Records to use ->
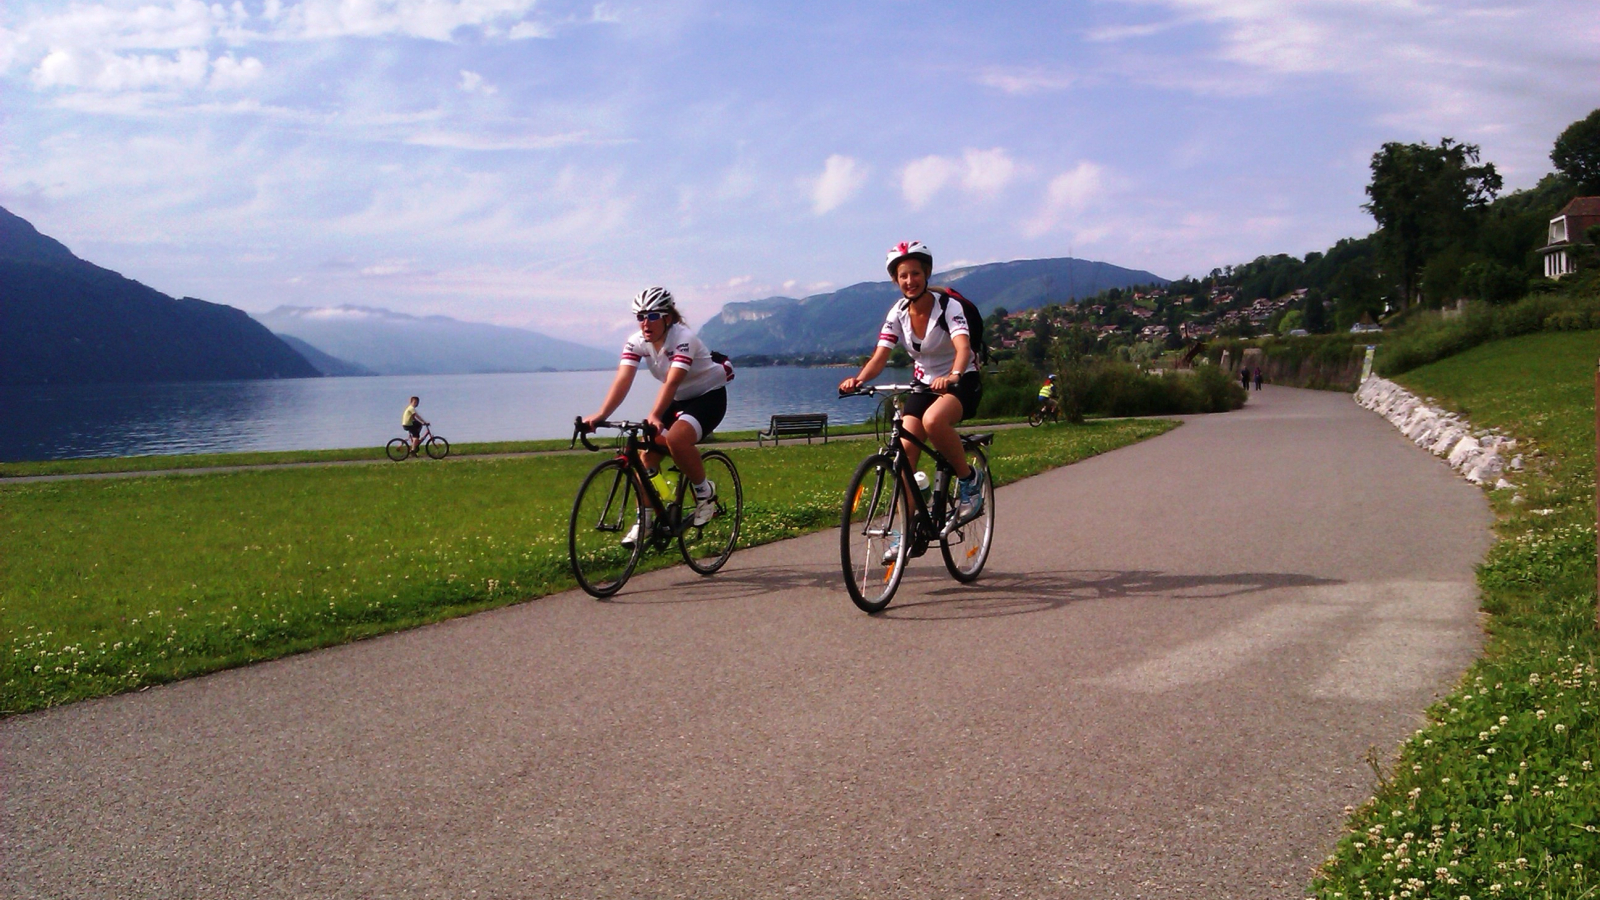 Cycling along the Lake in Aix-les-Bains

==

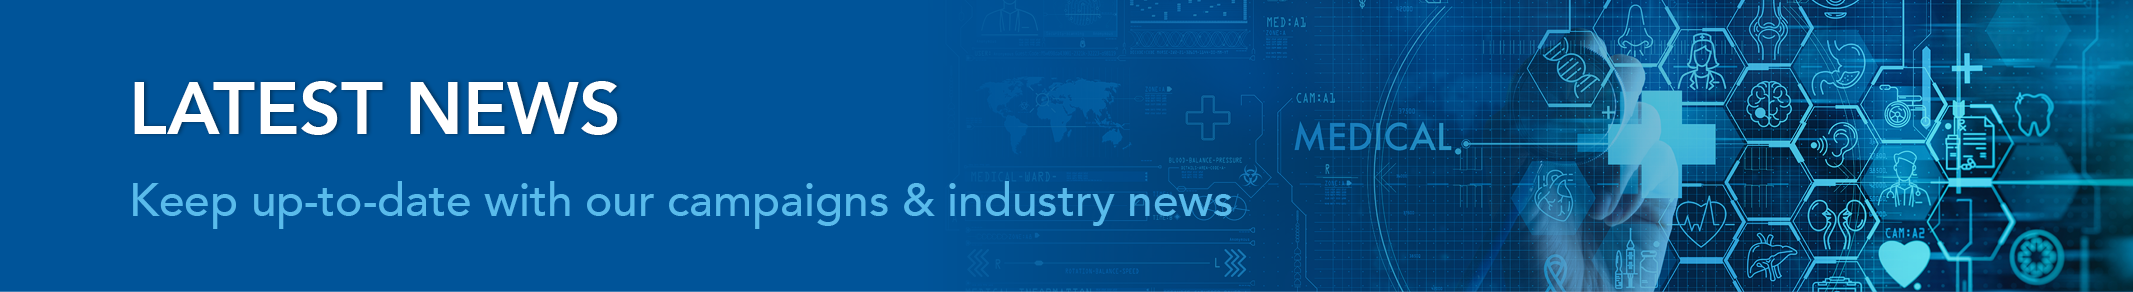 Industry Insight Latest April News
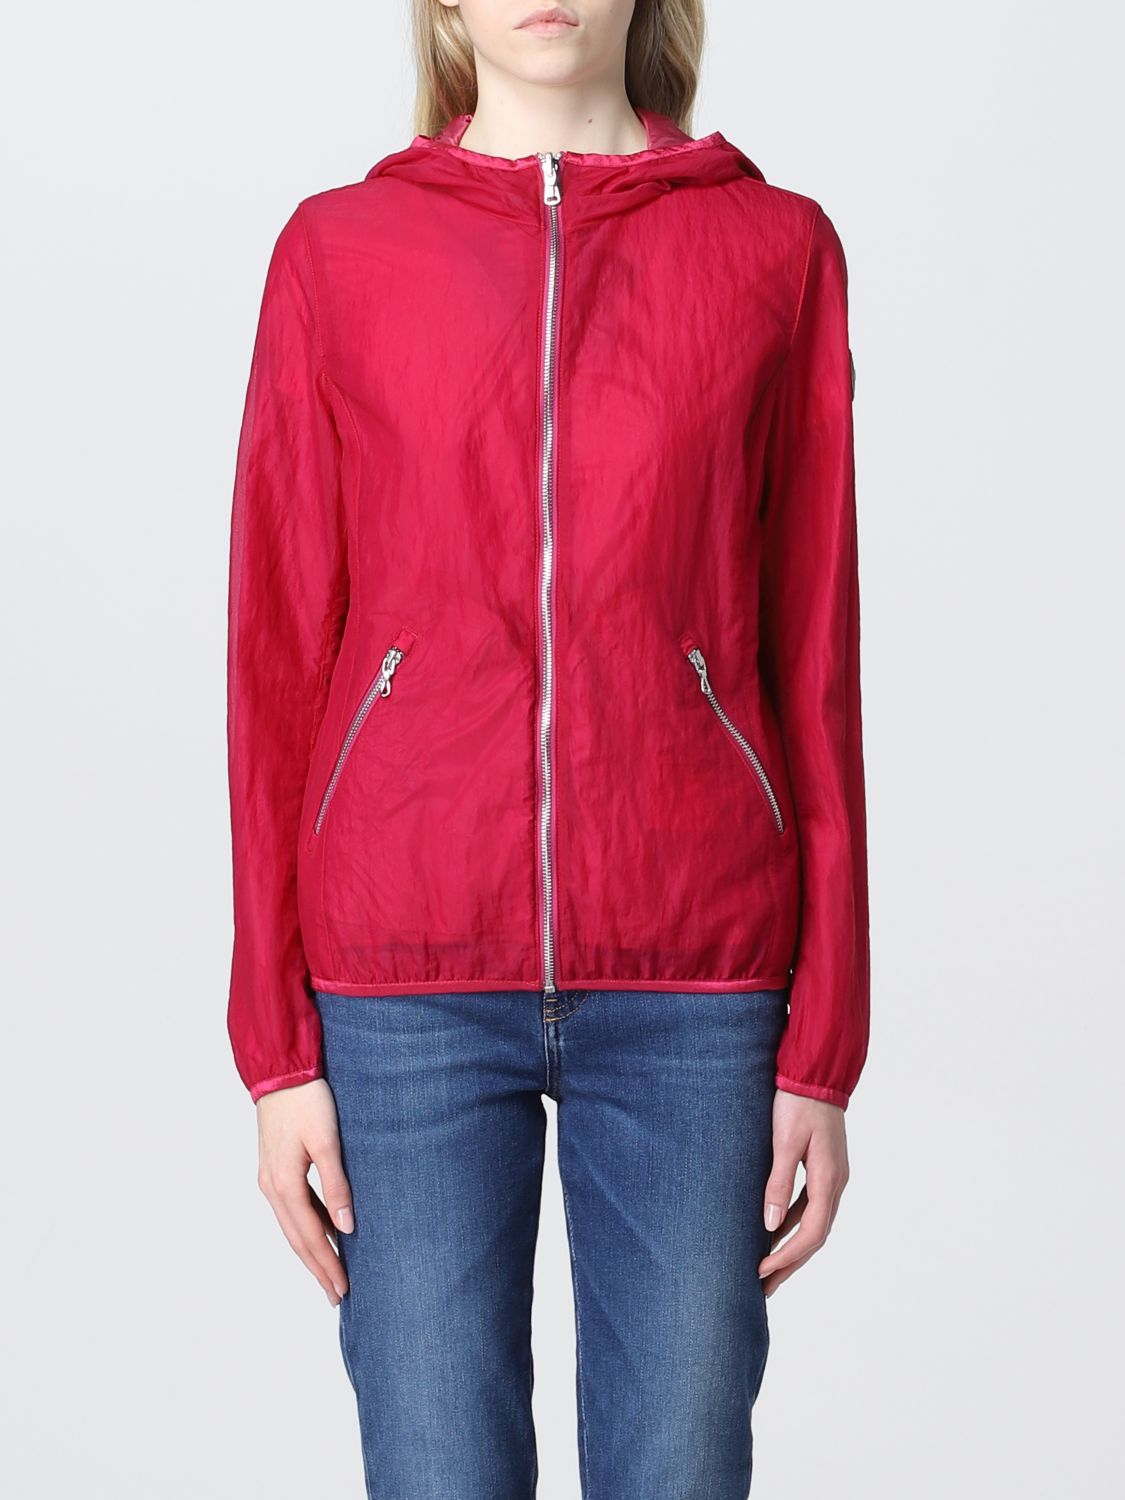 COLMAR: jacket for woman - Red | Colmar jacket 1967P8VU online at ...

Assigned task ->
Leave out every picture, and copy exactly the lines above starting at the one holding "Industry Insight Latest April News" and ending at the one holding "COLMAR: jacket for", no more and no less.

Exercise response ->
 Industry Insight Latest April News
 COLMAR: jacket for woman - Red | Colmar jacket 1967P8VU online at ...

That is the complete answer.